> **DATA SHOWN**
= Beginning of Section =

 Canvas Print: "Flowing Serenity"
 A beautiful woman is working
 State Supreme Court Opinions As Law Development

= End of Section =
= Beginning of Section =

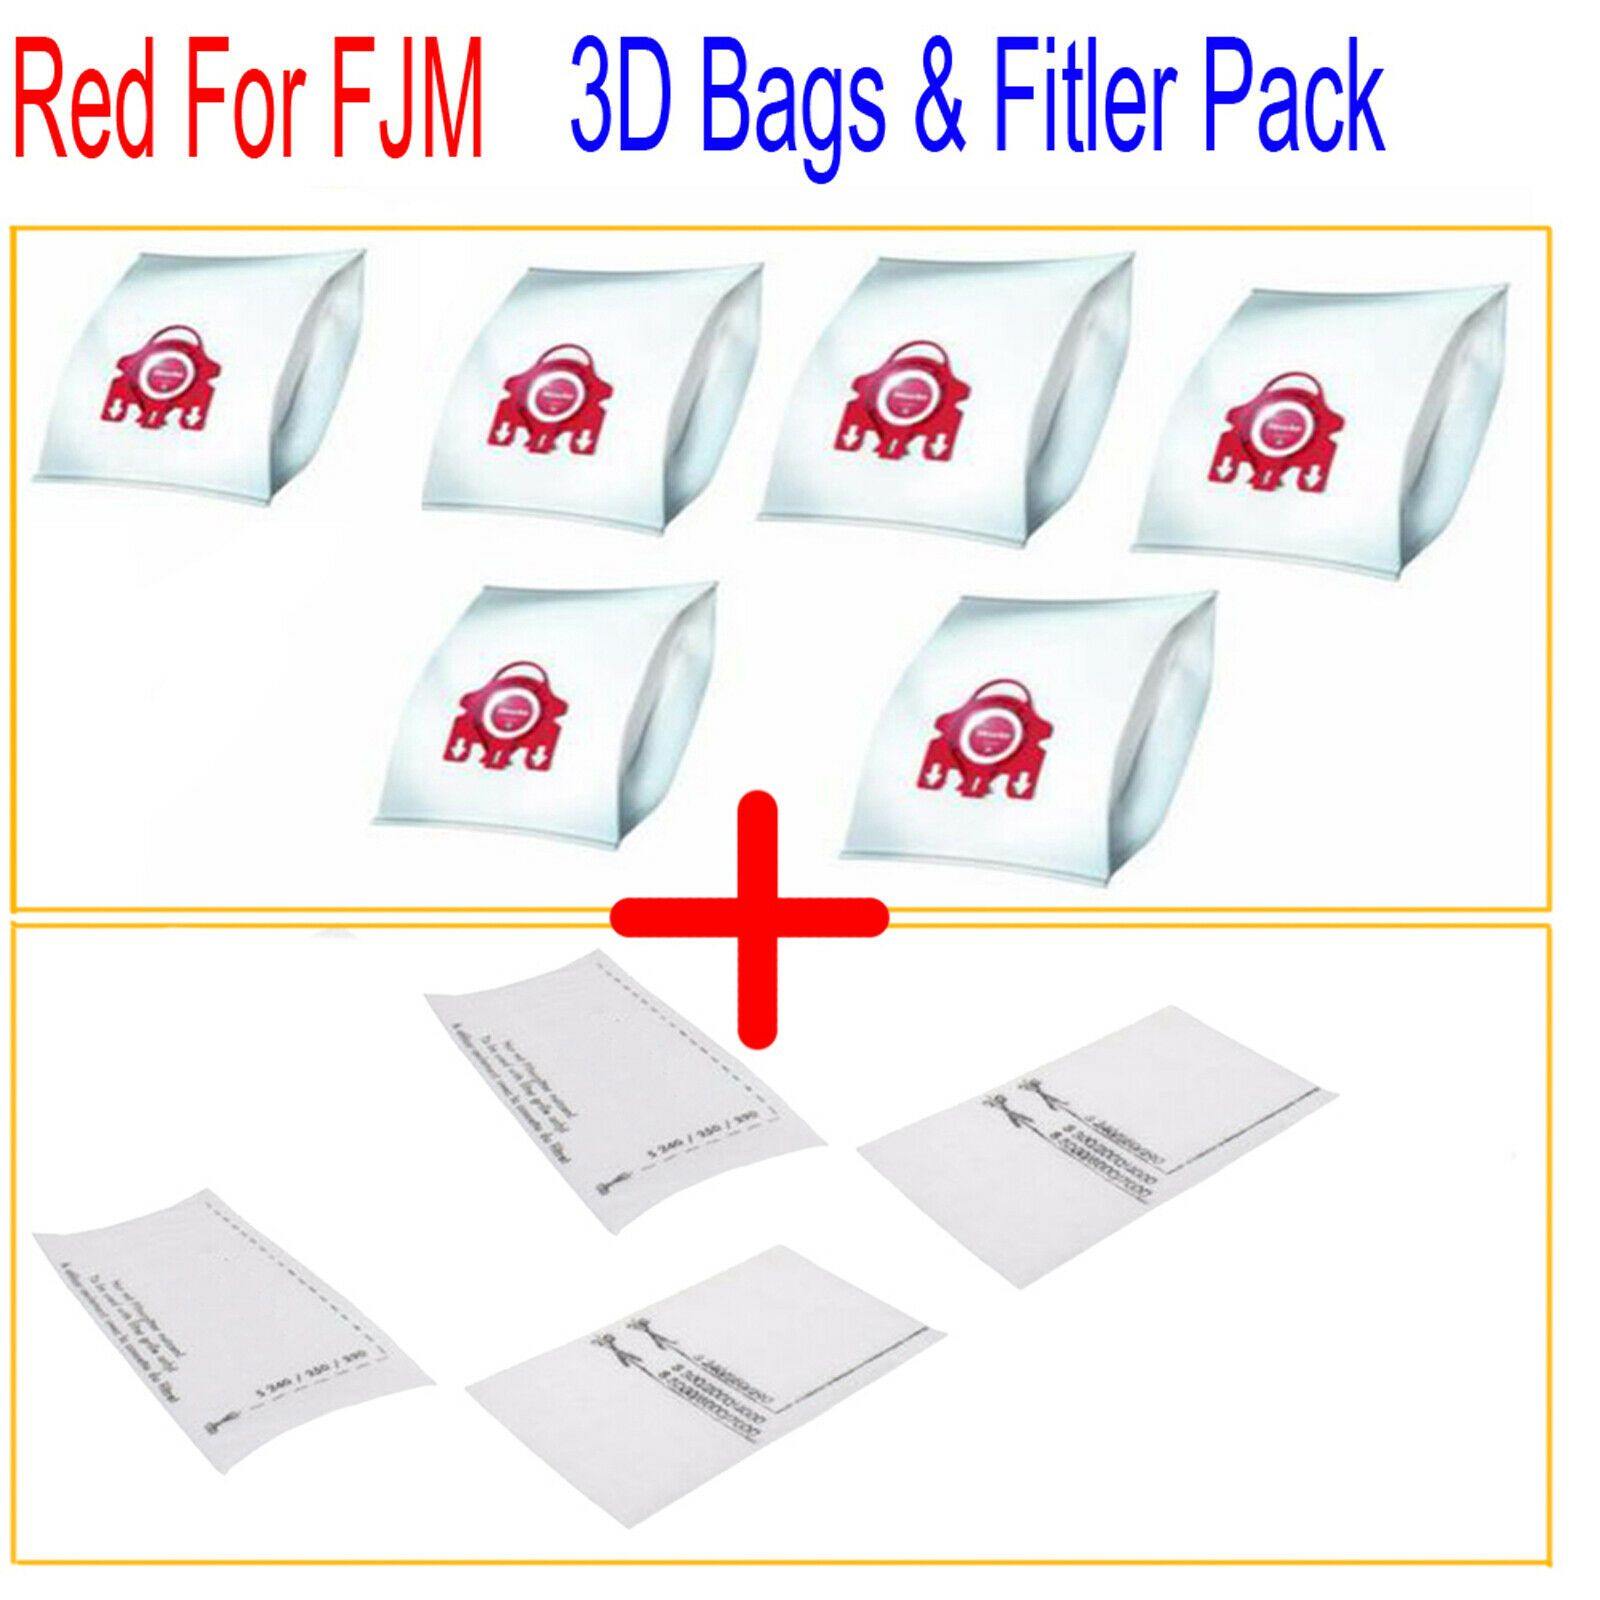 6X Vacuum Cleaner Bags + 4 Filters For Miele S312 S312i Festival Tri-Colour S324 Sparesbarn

= End of Section =

> **PROBLEM DETAILS**
Reproduce, word for word and in full, only the lines above that start at the line with "A beautiful woman is working" and run through the line with "State Supreme Court", both ends included.

> **RESULT OF THIS TASK**
 A beautiful woman is working
 State Supreme Court Opinions As Law Development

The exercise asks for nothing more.